Joe Tsai, the chairman and co-founder of the China e-commerce pioneer Alibaba Group Holding Ltd., has joined the ranks of billionaires investing in prestigious French vineyards.
An avid wine collector, the 60-year-old Tsai is part of a consortium that has acquired grape-growing parcels in Burgundy, said people familiar with the matter. The partners include Oliver Weisberg, CEO of Tsai’s Blue Pool Capital family office, said the people, who asked not to be identified because the information isn’t public.
A representative for Tsai and Weisberg declined to comment in an emailed statement. Local wine producer Christophe Roumier confirmed by phone that he is associated with the group.
Tsai’s foray into French vineyards puts him among other ultra-wealthy wine investors — including luxury tycoon Bernard Arnault, founder of LVMH; as well as the Bouygues, Dassault, Perrodo, Pinault and Rothschild families, who bought estates as their empires expanded. The properties that Tsai has a stake in don’t produce their own wine but are in one of the most highly regarded areas of Burgundy.
The plots are in Gevrey-Chambertin in the Cote de Nuits area, known as the Champs-Elysees of Burgundy, corporate filings show. Many wines from that region carry the highest “Grand Cru” appellation and can retail for hundreds of dollars a bottle if not more.
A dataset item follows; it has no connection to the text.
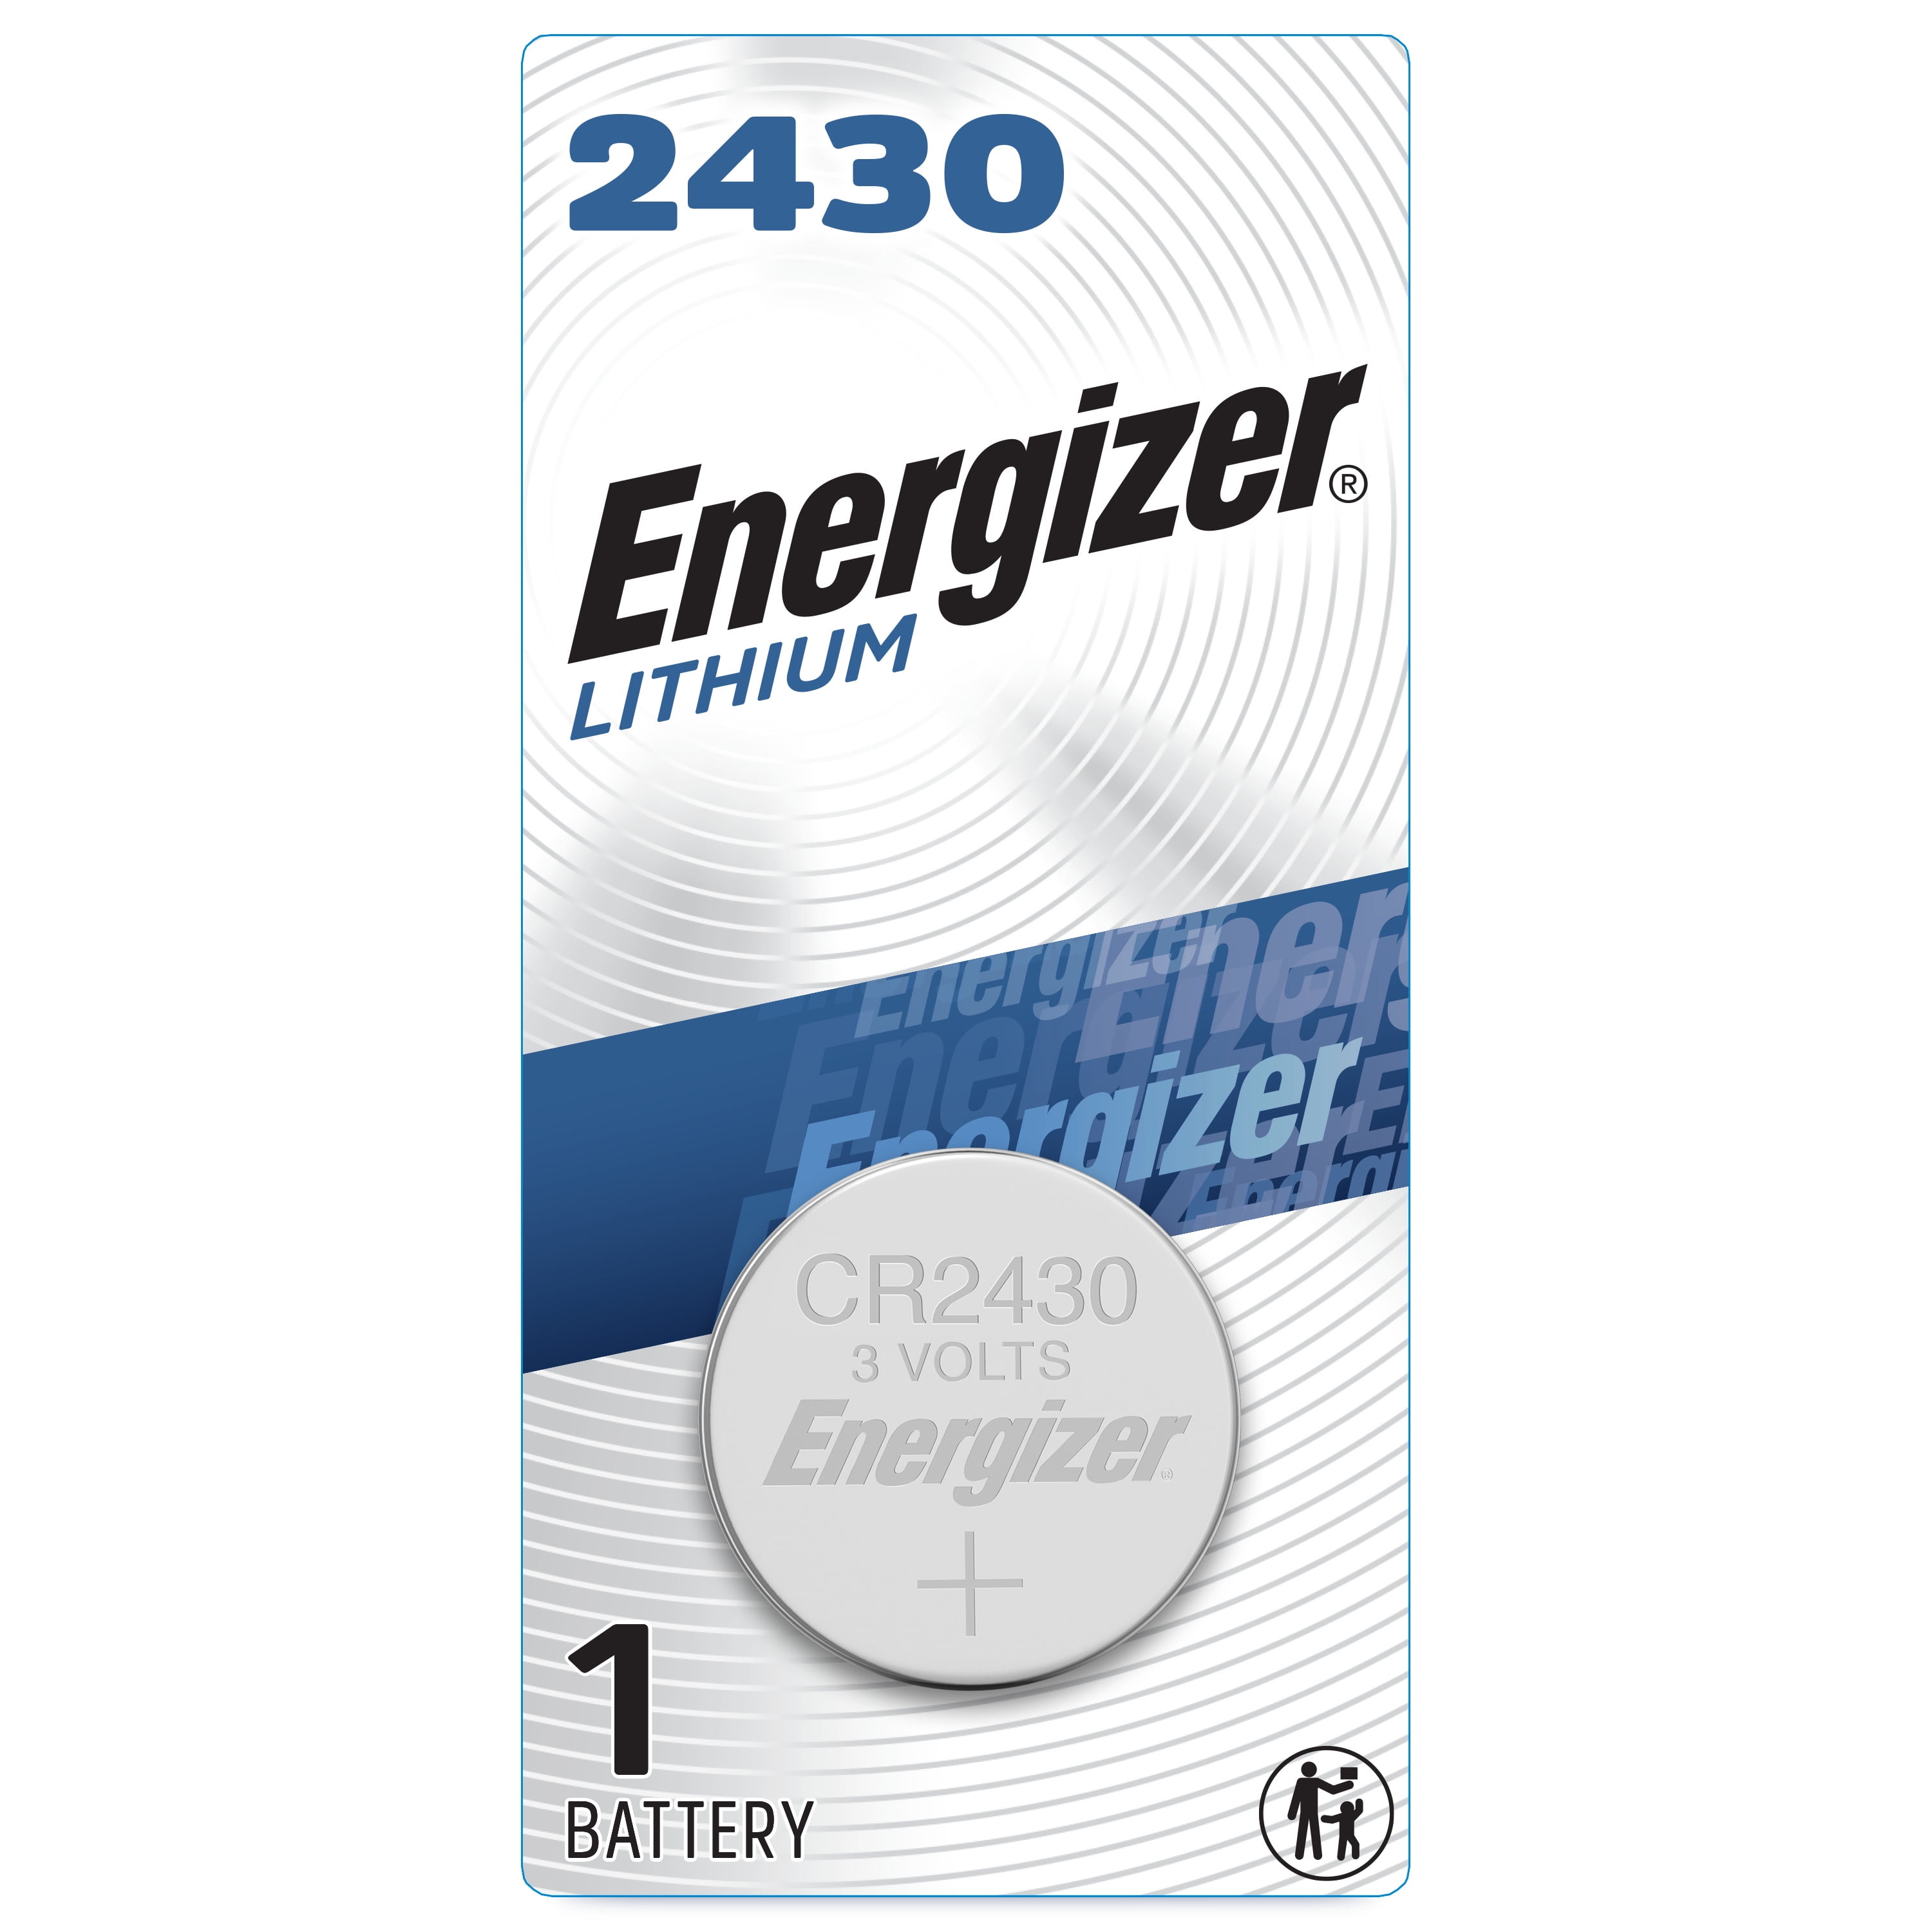 huid meesterwerk tussen Energizer 2430 Lithium Coin Battery, 1 Pack - Walmart.com

Also in the Cote de Nuits is LVMH-controlled Clos des Lambrays and the Pinaults’ Clos de Tart, acquired in 2017 for a reported €220 million ($243 million) after patriarch Francois Pinault outmaneuvered Jack Ma, another Alibaba co-founder, to take control. Ma bought Chateau de Sours in Bordeaux in 2016.
The Tsai consortium’s parcels are in appellations known as Charmes-Chambertin, Mazoyeres-Chambertin and Ruchottes-Chambertin, a filing shows. Maps and photos produced by the official Vins de Bourgogne website indicate that the domains are relatively close to each other and known for their pinot noir grapes. Wines from the areas that are south of Dijon were granted the “Grand Cru” appellation in 1937.
Land registry data shows that one parcel sold in 2021 for about €18 million. It’s unclear how much the consortium has invested in total.
A Canadian citizen born in Taiwan, Tsai has a net worth of about $6.9 billion, according to the Bloomberg Billionaires Index, partly derived from his 1.4% stake in Alibaba. Shares in the platform have suffered under a Chinese regulator crackdown that began in 2020, and while the scrutiny softened in August, the stock is still down more than 70% from a high that year.
Through Blue Pool Capital, Tsai has diversified his fortune by investing in luxury property in Portugal and a penthouse on New York’s Billionaires Row. Tsai has also backed the film studio Ink Factory and controls the Brooklyn Nets and the New York Liberty professional basketball teams, as well as the Barclays Center where they play. In 2020, he thanked keen Nets fans with branded bottles of wine.
Tsai and Weisberg are among producers of a 2019 documentary film by Marie-Ange Gorbanevsky called "L’Ame du Vin" or the "Soul of Wine," which features vineyards in the area where they invested. Tsai was also among business executives who were invited for lunch at the Elysee Palace by President Emmanuel Macron just before the Paris Olympics got underway in July.
A Yale University alumnus and former lacrosse athlete, Tsai quit a $700,000-a-year job at the investment firm Investor AB in the late 1990s to join Alibaba for a monthly salary of $50.